How to use ctransformers in python
client.model.load(), and calling model.chat() with your prompt.Setup
pip install ollama import ollama Examples
Integration steps
- Install the Ollama Python SDK with pip.
- Import ollama and initialize the client (no API key needed).
- Load the ctransformers model using ollama.chat(model='ctransformers').
- Call the model's chat method with your prompt to get a response.
- Process and display the output from the model.
Full code
import ollama
# Load the ctransformers model
model = ollama.chat(model='ctransformers')
# Define the prompt
prompt = "Hello, how are you?"
# Get the chat completion from the model
response = model.chat(prompt)
# Print the model's response
print("Model response:", response.text) Model response: I'm doing great, thank you! How can I assist you today?
API trace
{"model": "ctransformers", "prompt": "Hello, how are you?"} {"text": "I'm doing great, thank you! How can I assist you today?", "usage": {"tokens": 15}} response.textVariants
Streaming response version ›
Use streaming when you want to display the model's output token-by-token for better user experience on long responses.
import ollama
model = ollama.chat(model='ctransformers')
prompt = "Tell me a joke."
# Stream the response tokens as they arrive
for token in model.chat_stream(prompt):
print(token, end='', flush=True)
print() Async version ›
Use async calls to integrate model inference into asynchronous applications or to handle multiple concurrent requests efficiently.
import asyncio
import ollama
async def main():
model = ollama.chat(model='ctransformers')
prompt = "Explain quantum computing in simple terms."
response = await model.chat_async(prompt)
print("Async response:", response.text)
asyncio.run(main()) Alternative model usage ›
Use a different model like 'llama-3.1-70b' when you need more advanced reasoning or domain-specific knowledge.
import ollama
model = ollama.chat(model='llama-3.1-70b')
prompt = "Summarize the latest AI trends."
response = model.chat(prompt)
print("Summary:", response.text) Performance
- Keep prompts concise to reduce token usage and latency.
- Reuse loaded model instances instead of reloading for each request.
- Use streaming to start displaying output before full completion.

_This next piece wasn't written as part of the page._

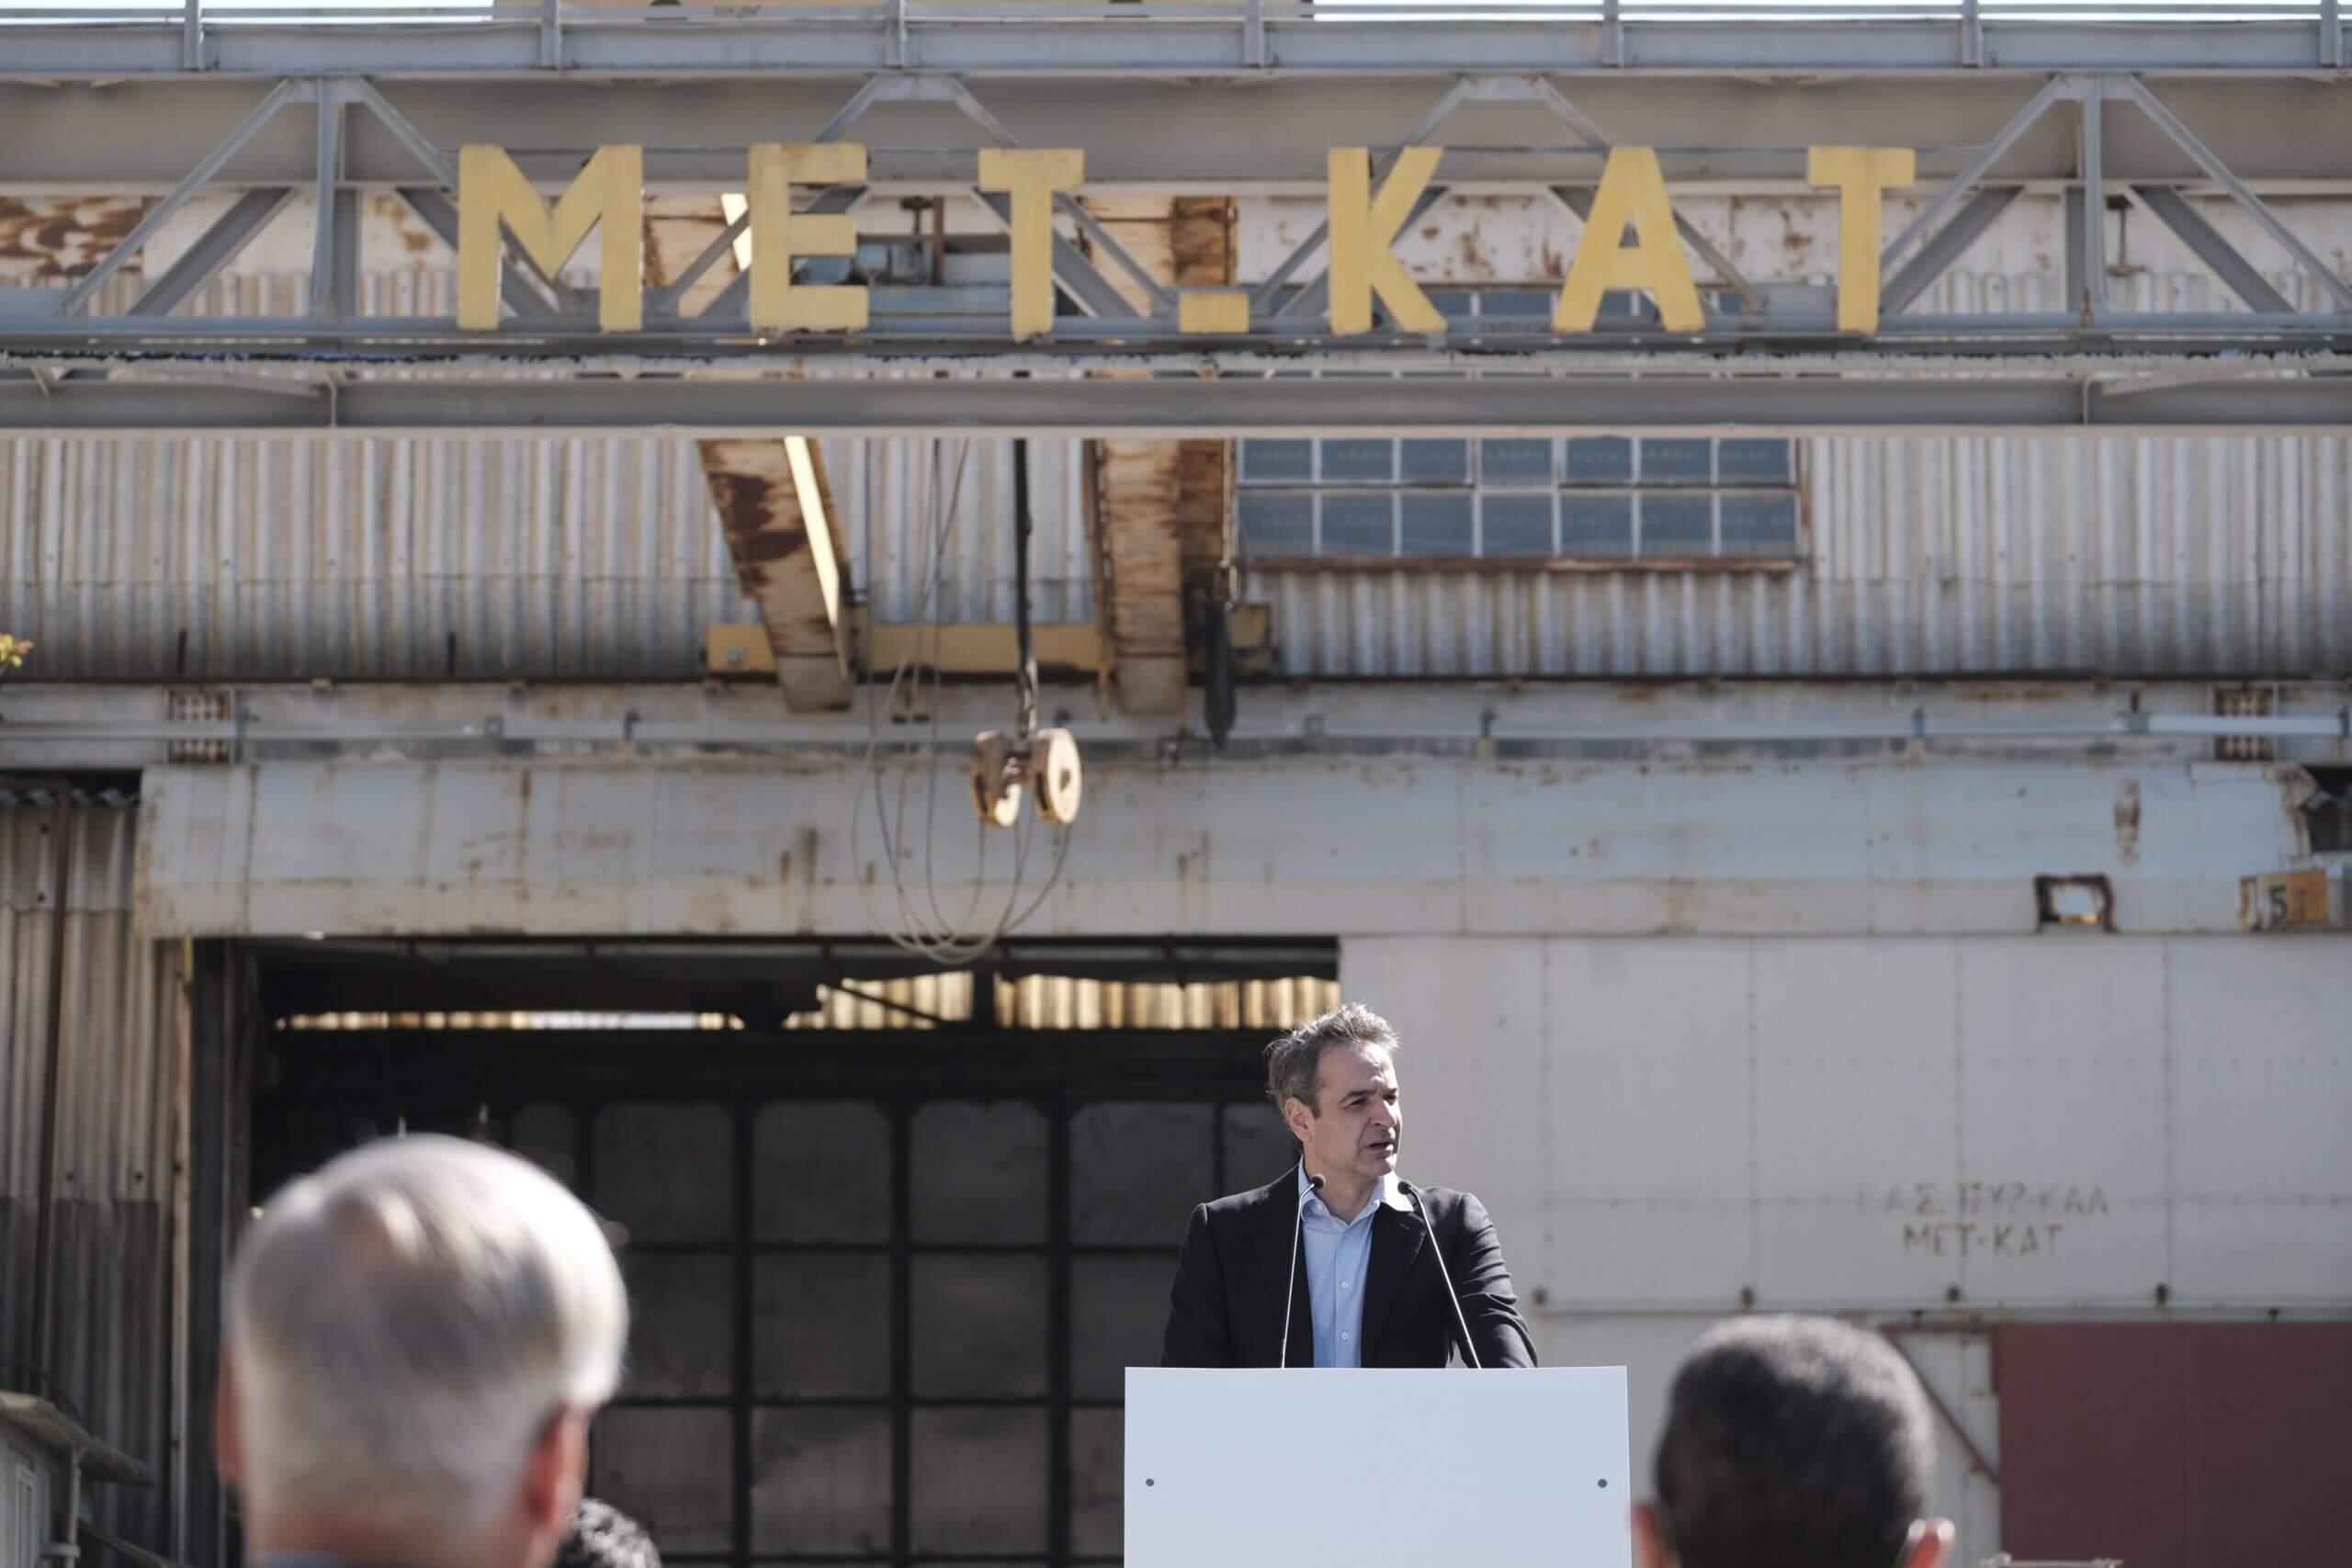 Μητσοτάκης: Πνεύμονας πρασίνου στο παλιό εργοστάσιο της ΠΥΡΚΑΛ

| Approach | Latency | Cost/call | Best for |
|---|---|---|---|
| Standard chat call | ~500ms | Free (local) | Simple synchronous calls |
| Streaming chat | ~500ms + stream | Free (local) | Long responses with better UX |
| Async chat | ~500ms | Free (local) | Concurrent or async apps |
Quick tip
Always load the ctransformers model once and reuse it for multiple prompts to reduce latency and improve efficiency.
Common mistake
Beginners often try to set an OLLAMA_API_KEY environment variable, but Ollama requires no authentication and runs locally.